The original problem is this:

$\forall n \in \mathbb{Z} $ with $ n \ge 0: $ $$ n < 3^n $$ I started solving by adding 1 on each side. $$ n + 1 < 3^n + 1 $$ multiply large side of inequality by something bigger than or equal to 1 $$ n + 1 < (3^{n}+1) \frac{3^{n+1}}{3^n +1}$$ $$ n + 1 < 3^{n+1}$$ Maybe my approach is wrong? Please help me out.

Answer 1

0) $3^n \gt n$ for $n=0,1$, ok.

Let $n \in \mathbb{Z^+},$ $ n \ge 1.$

1) Hypothesis $: 3^n \gt n $.

2) Step: $n+1;$

Multiply both sides by $3:$

$3^{n+1} \gt 3n = n +2n \gt n +1$ for $n\ge 1$.

Answer 2

Basically, we need to prove: $$P_n: n<3^n \tag 1$$ Note that $P_1$ holds.
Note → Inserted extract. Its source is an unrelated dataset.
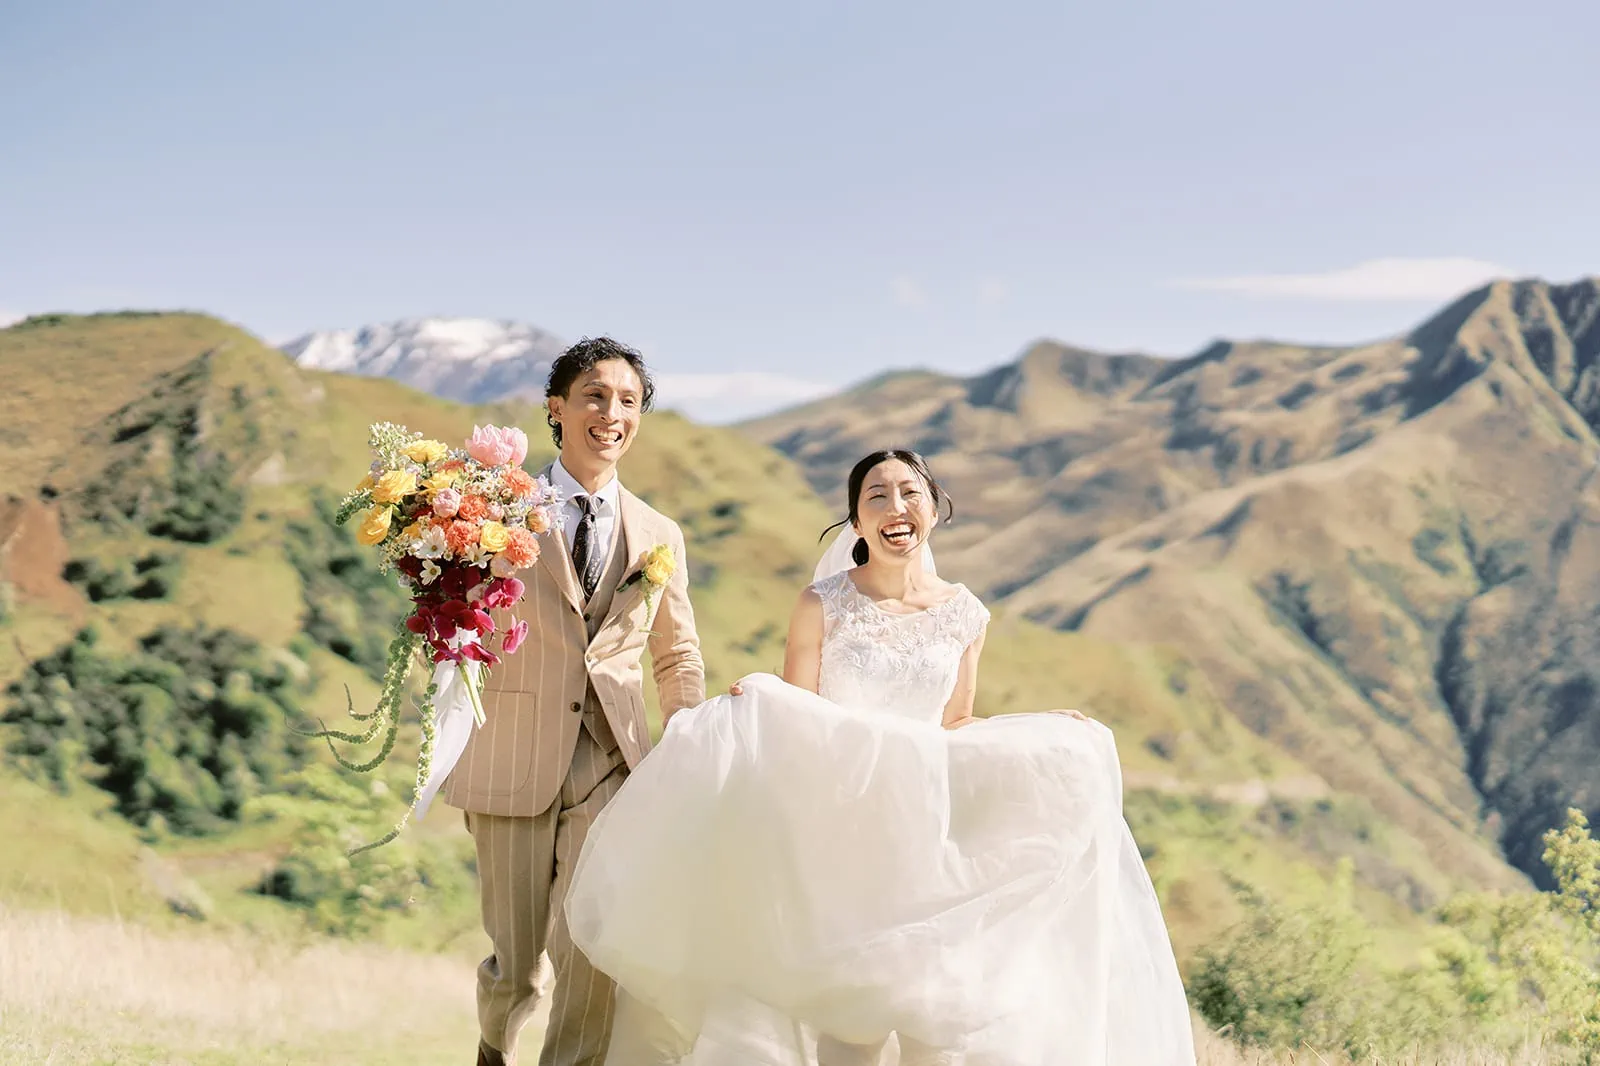 Queenstown Elopement Heli Wedding Photographer クイーンズタウン結婚式 | Taisei and Saki, a bride and groom, walking down a hill with mountains in the background in Queenstown.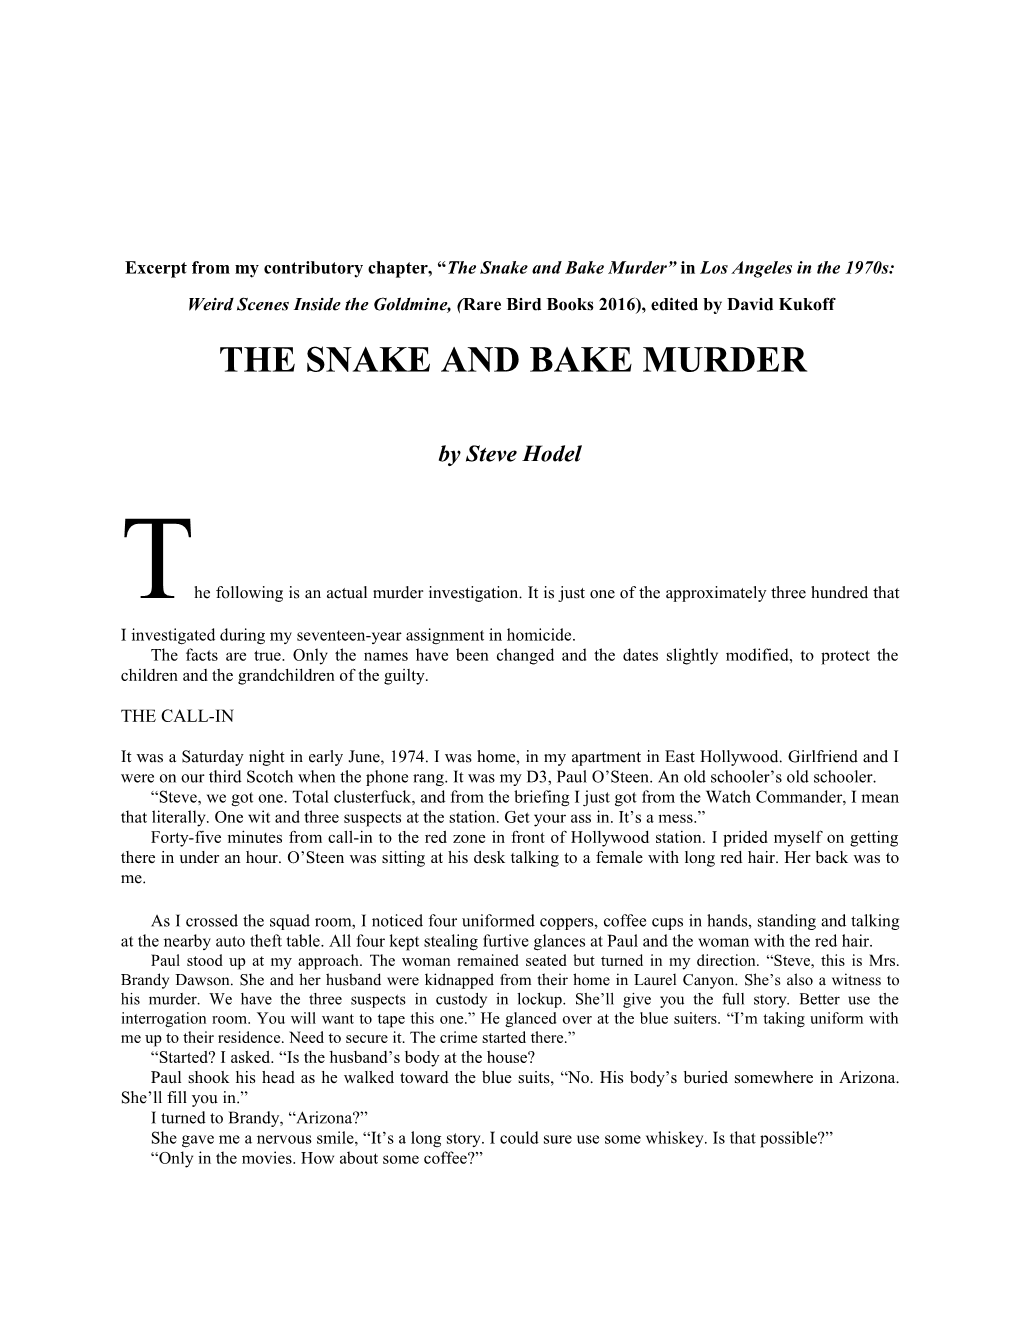 Excerpt from My Contributory Chapter, the Snake and Bake Murder in Los Angeles in The

So, we need to prove the validity of $P_{n+1}$. For that note: $$n < 3^n$$ $$\implies n+1 <3^n +1 < 3^n +3^n +3^n = 3^n\times 3 = 3^{n+1}$$

Hence, as $P_{n+1}$ holds, we can say that $P_n$ holds for all $n \geq 0$.

Answer 3

For $n = 0$, we have $\frac{3}{2} \ge 1$ so argument holds. Then assume, inductively, that $n \ge 1$ and argument holds for all $n$. Then, for $n+1$, we have $$\frac{3^{n+2}}{3^{n+1}+1} = \frac{3 \cdot 3^{n+1}}{3 \cdot 3^n+1} \ge \frac{3 \cdot 3^{n+1}}{3 \cdot 3^n+3} = \frac{3^{n+1}}{3^n+1}$$ and by inductive assumption, we already have $\frac{3^{n+1}}{3^n+1} \ge 1$ so $\frac{3^{n+2}}{3^{n+1}+1} \ge 1$ which means argument holds for $n+1$. Therefore, by induction, argument holds for all $n \ge 0$.

Answer 4

Alternative way, so we have $$\frac{3^{n+1}}{3^n+1} \iff 3^{n+1} > 3^n+1 \iff 3^{n}+3^{n}+3^{n} > 3^n+1 \iff \color{red}{2\cdot3^{n}>1}$$

The red part is easy to prove by induction:

• $n=0 \Rightarrow 2>1$
• Assuming it is true for $n$ then $2\cdot 3^n>1 \Rightarrow 2\cdot 3^{n+1}>3>1 \Rightarrow 2\cdot 3^{n+1} > 1$